– Ho chiesto all’unico giornalista israeliano di base in Palestina di mostrarmi qualcosa di scioccante – ed è quello che ho visto. Copertina Robert Fisk e la giornalista israeliana Amira Hass
Robert Fisk (*) – 20 settembre 2018
Mostrami qualcosa che mi scioccherà, ho chiesto ad Amira Hass. L’unico giornalista israeliano che vive in Cisgiordania – o in Palestina, se ancora credi in questa parola non ortodossa – mi ha portato in una strada fuori da Ramallah, che nella mia memoria era un’autostrada per Gerusalemme. Ma ora, sulla collina, si trasforma in una strada abbandonata, mezza asfaltata, fiancheggiata da botteghe chiuse da imposte arrugginite e spazzatura. Lo stesso odore putrido di liquami negli spazi aperti sulla strada. L’acqua ristagna, verde e viscosa, in pozzanghere ai piedi del muro.
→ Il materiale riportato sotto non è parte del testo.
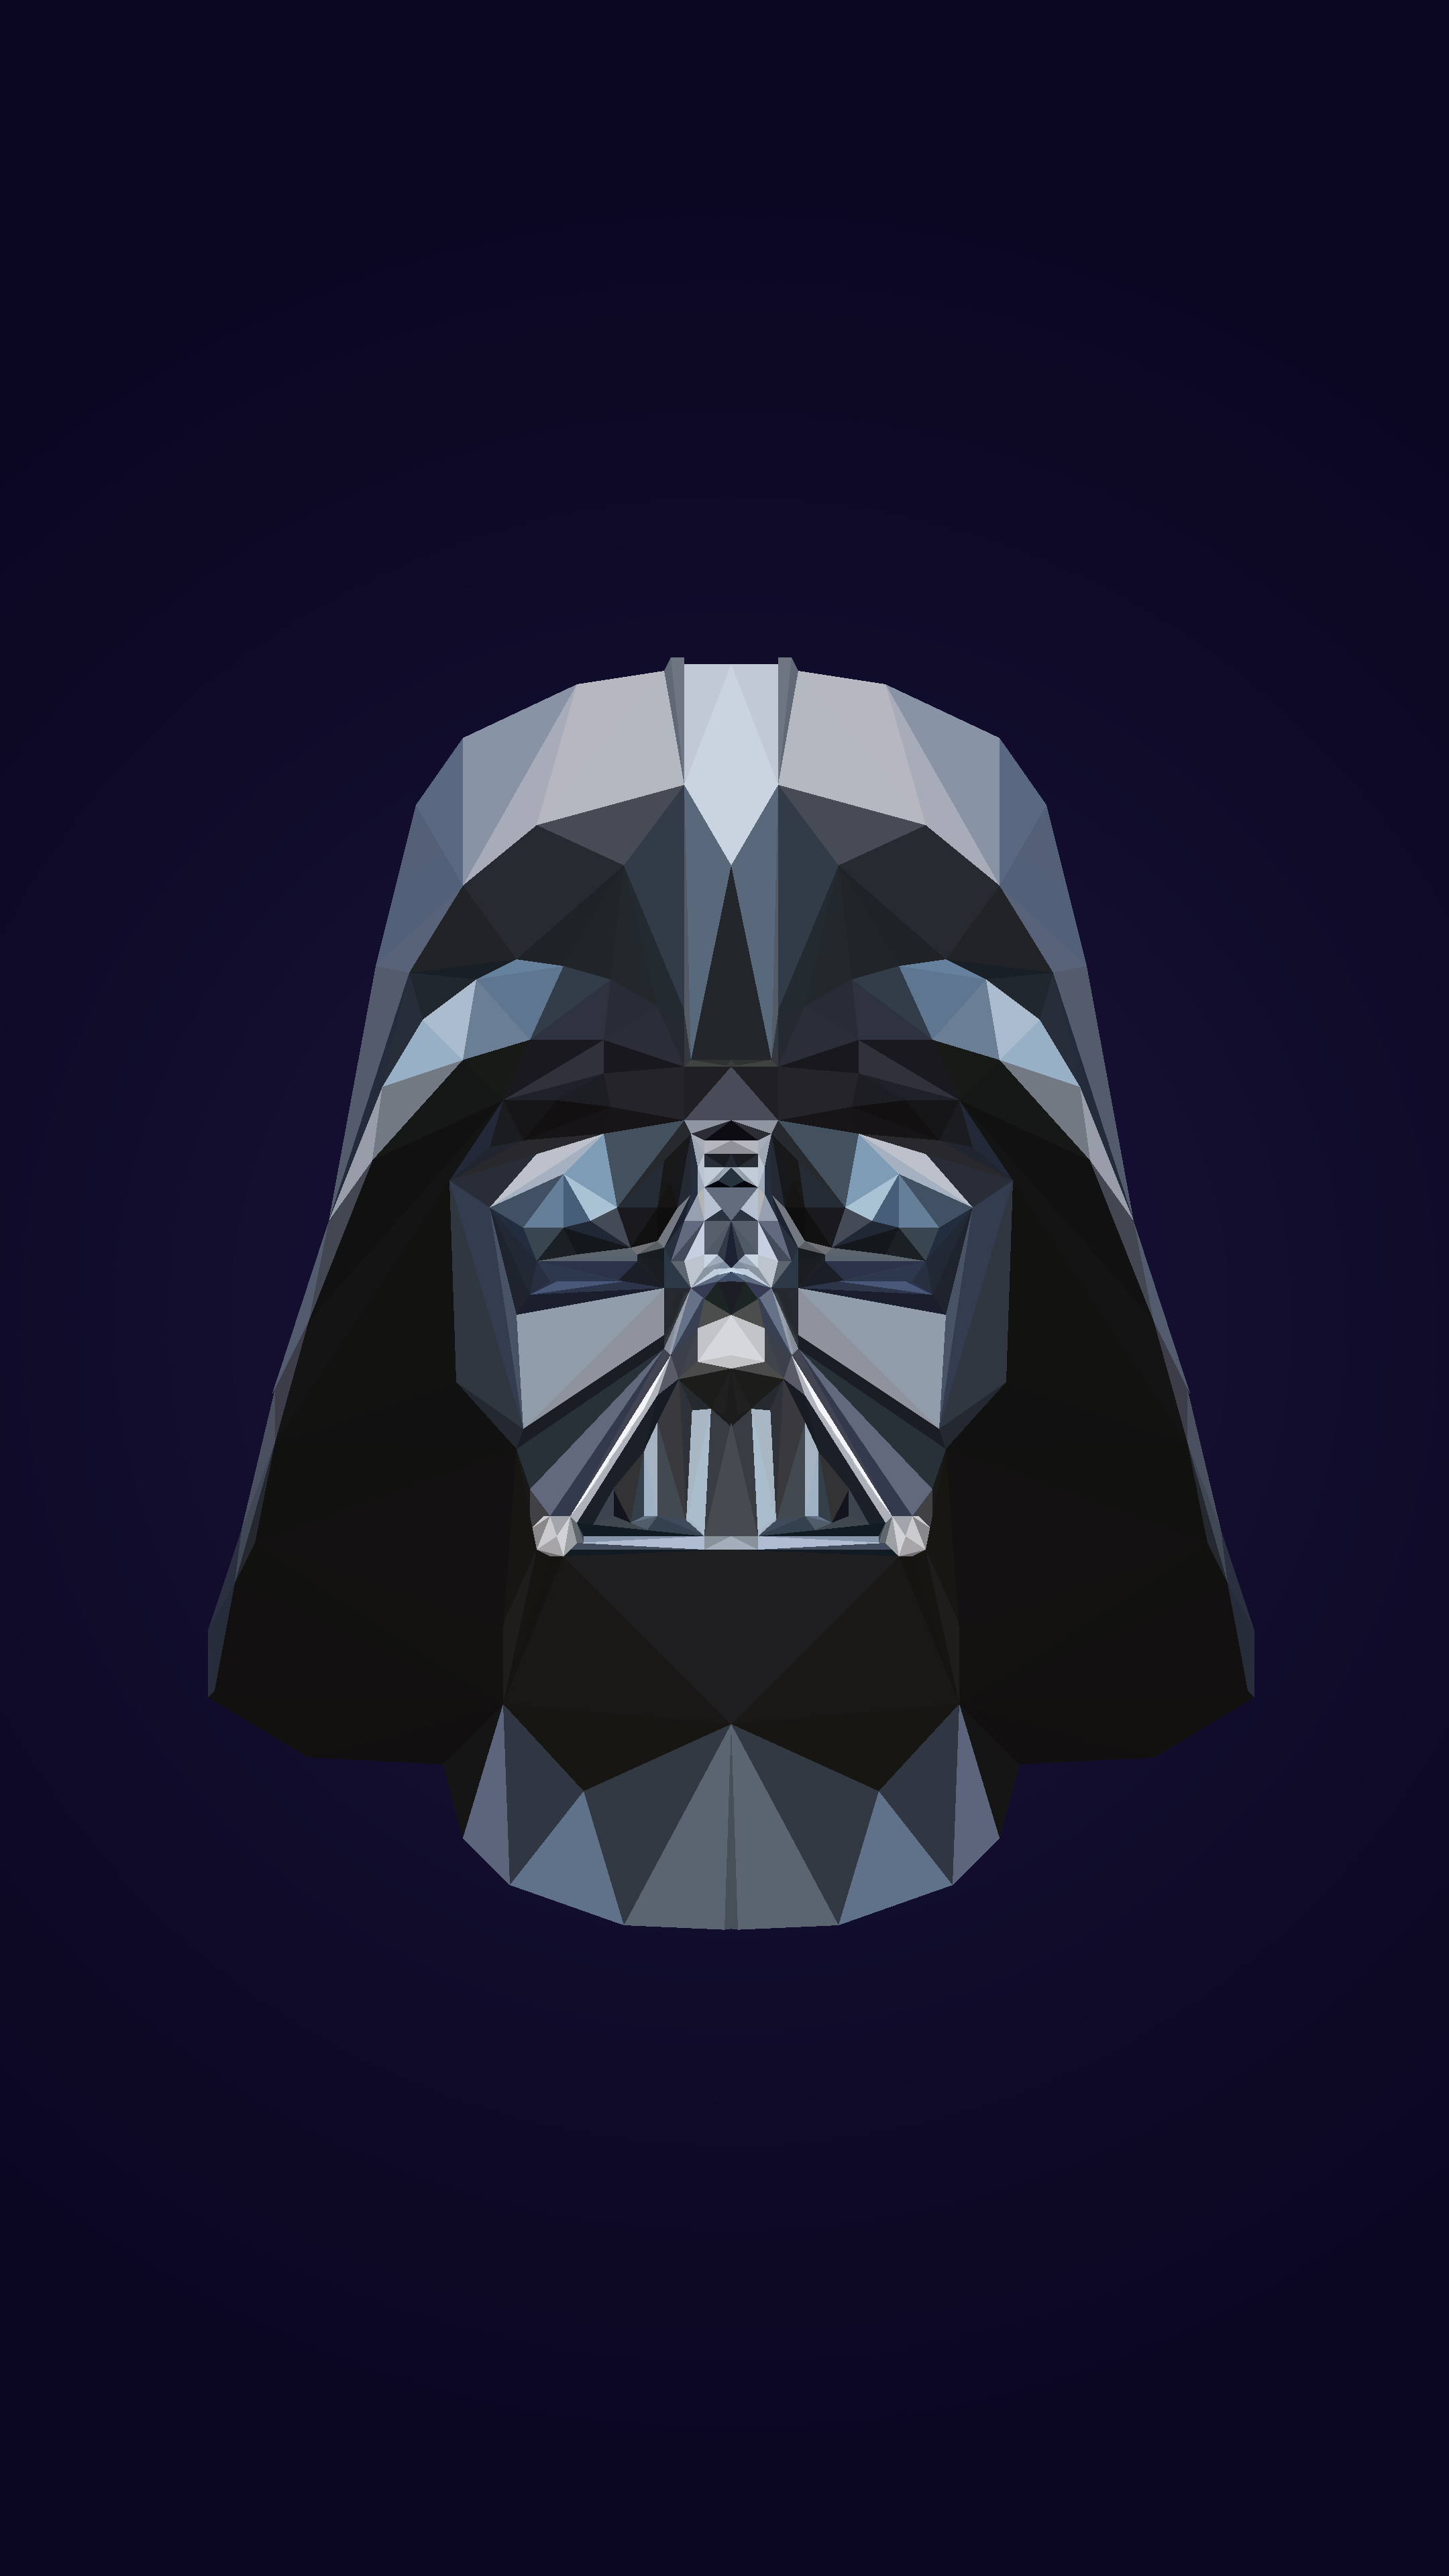 Ultra HD 4K Image for Mobile darth vader low poly phone ...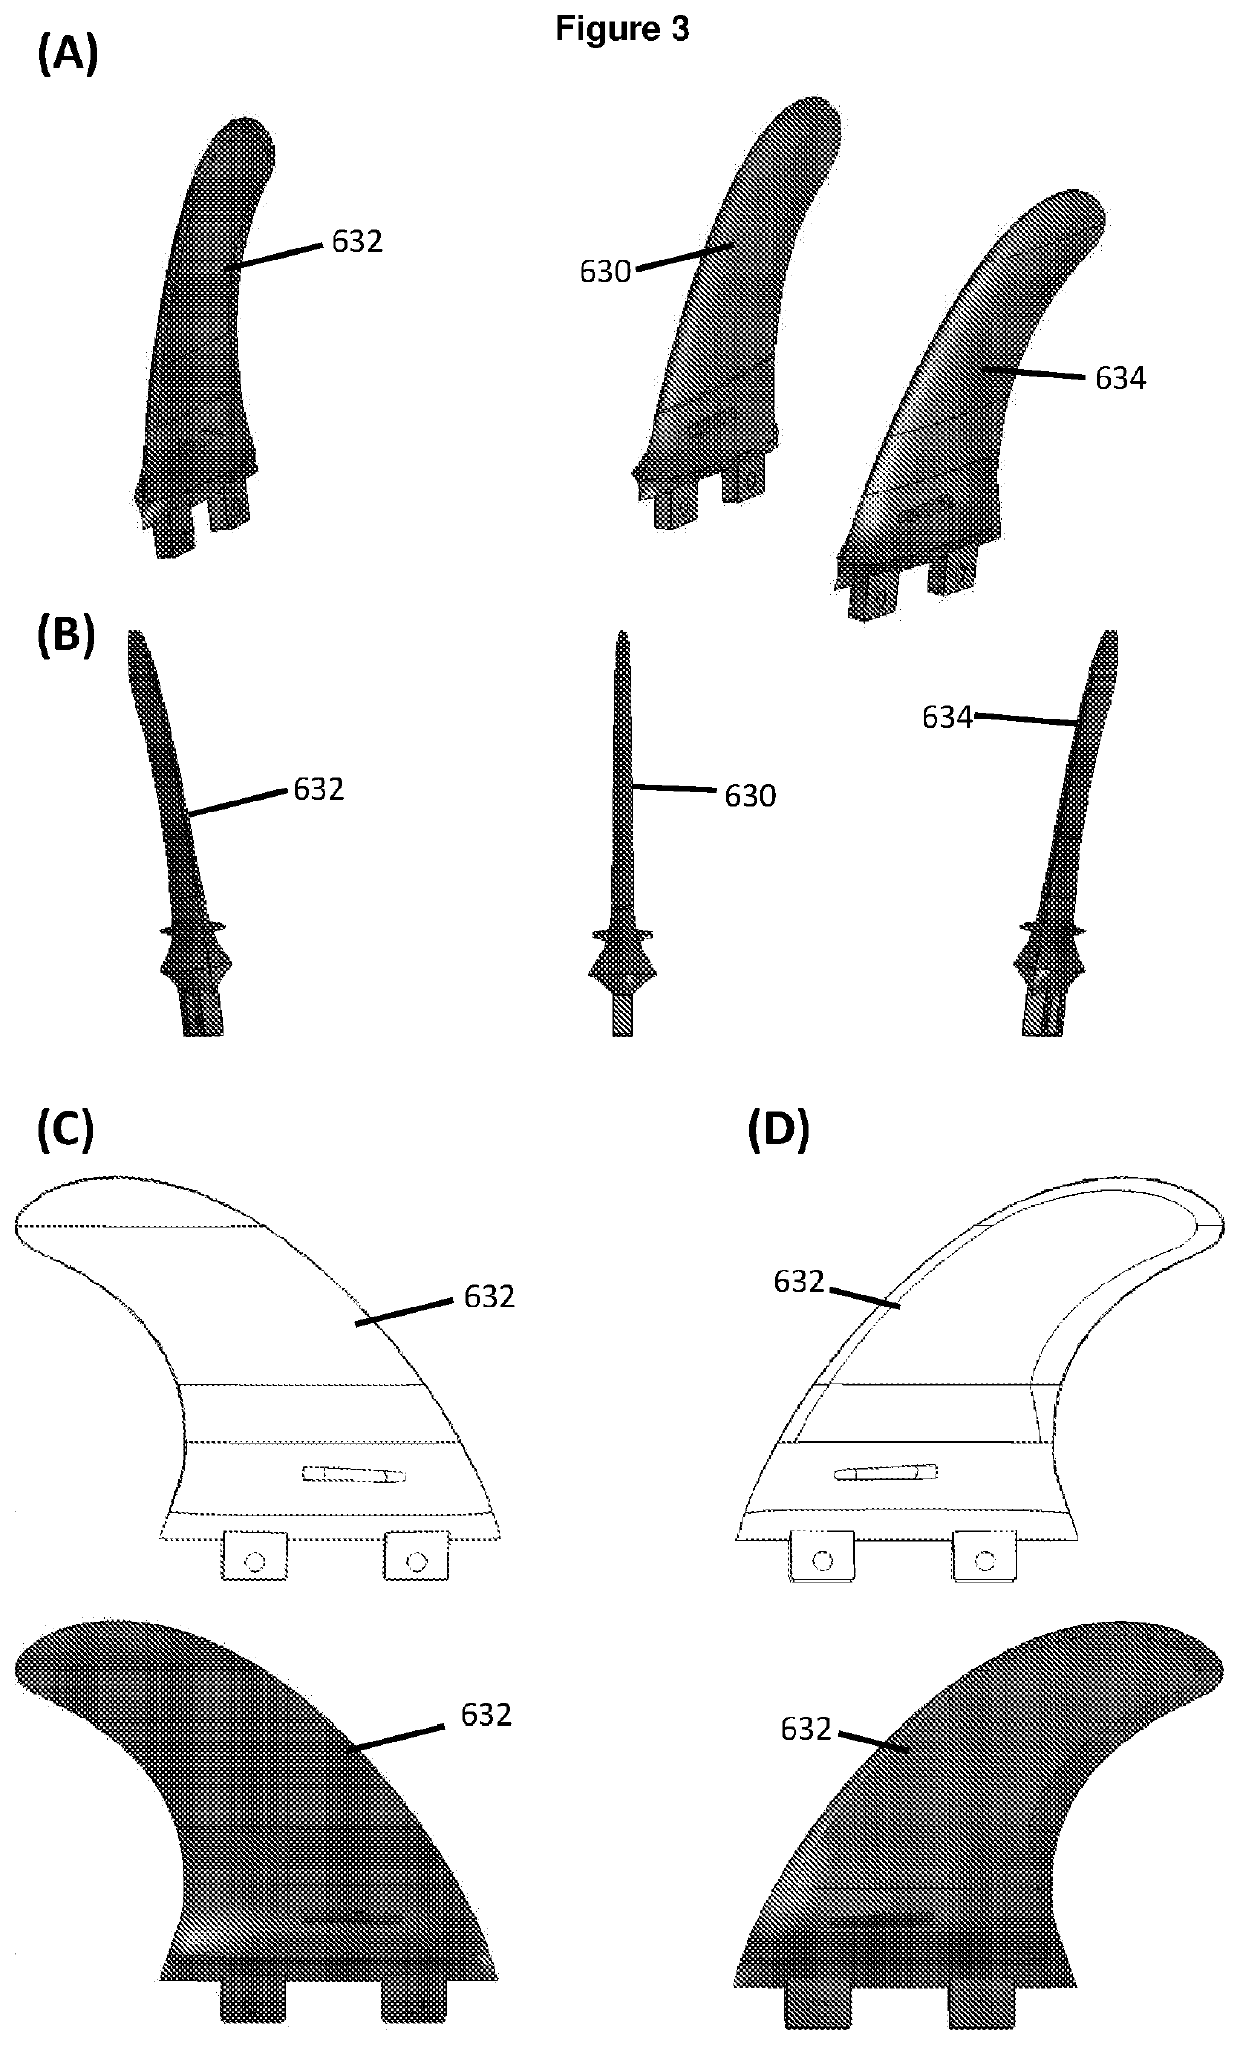 Fins with improved fluid dynamic properties

Il Muro con la lettera maiuscola o per i giornalisti cauti, “Security Wall”. Oppure, per le anime delicate, “Barriera di sicurezza”. O per le penne più distratte, semplicemente “Barriera”. Oppure, se le sue implicazioni politiche ti spaventano, “Chiusura”. Un recinto, come quelle staccionate che si vedono nei campi. Oppure – se vuoi veramente spaventare i giornalisti televisivi e la rabbia degli israeliani – il “Muro della segregazione” o anche il “Muro dell’apartheid”. Ebbene sì, parleremo dei “bantustan” palestinesi tagliati dal Muro e delle strade riservate agli israeliani e del vasto impero degli insediamenti ebraici sulle terre arabe.
Possiamo fidarci di Amira per aprire il fuoco. Sputa irosamente le parole “Bantustan palestinese” ancora e ancora guidandomi nelle enclave palestinesi della Cisgiordania per arrivare, dopo un’ora o due, al Muro: ci domina austero con i suoi 8 metri, mostruoso di determinazione, il serpente si snoda tra gli edifici, scivola nei letti dei torrenti secchi e ritorna su se stesso in modo che a volte ci siano due muri, una doppia parete ma lo stesso muro, come se questa creatura imitasse i meandri di una strada tortuosa nelle Alpi. Scuoti incredulo la testa per un momento e all’improvviso, stranamente, non c’è un Muro, nient’altro che una strada commerciale o un’arida collina coperta di cespugli e rocce. Poi vediamo un enorme insediamento di Israele crescere, con bellissimi alberi verdi, case con tetti rossi e belle strade e, sì, ancora muri e recinti di filo spinato e altre pareti più grandi. E poi il mostro in persona. Il muro
Ma la sezione del Muro dove mi porta Amira Hass – essendo una guida turistica e analista della società israeliana, conferma, non va di pari passo – è un posto davvero miserabile. Non epico quanto Dante. Forse un corrispondente di guerra potrebbe descrivere meglio il luogo. È l’antica strada da Ramallah a Gerusalemme, fiancheggiata da ricchezze perdute, vane speranze e case un tempo amate, e tutto ciò finisce, naturalmente, nel Muro. “Se non è scioccante, non so cosa sia”, dice Amira. “È la distruzione delle vite delle persone – è la fine del mondo. Lo vedi? Era la strada per Gerusalemme. Ora non più. Era una strada trafficata e puoi vedere che la gente aveva costruito bancarelle e case di pietra, eleganti e solide. Guarda i segni in ebraico che mostrano che questi palestinesi avevano molti clienti israeliani. Anche la parola “falegname” è in ebraico. “
Ma quasi tutte le case e i negozi sono chiusi, ci sono erbacce e arbusti secchi sui marciapiedi in rovina. I graffiti sono orribili, il sole è spietato, l’aria è così ardente che il grigio del muro si fonde con la pietra grigia del cielo. “Che tristezza”, dice Amira Hass, senza emozione. “Questo posto lo mostro sempre alla gente, sai, probabilmente l’ho già mostrato centinaia di volte e continua a sconvolgermi. “
L’odore di fogna, una volta che ci si abitua, non sembra più incongruo. È un luogo in cui l’immaginazione si prosciuga, lasciando solo un piccolo stagno sinistro il cui colore verde è ancora più luminoso mentre il Muro ha i segni dell’invecchiamento.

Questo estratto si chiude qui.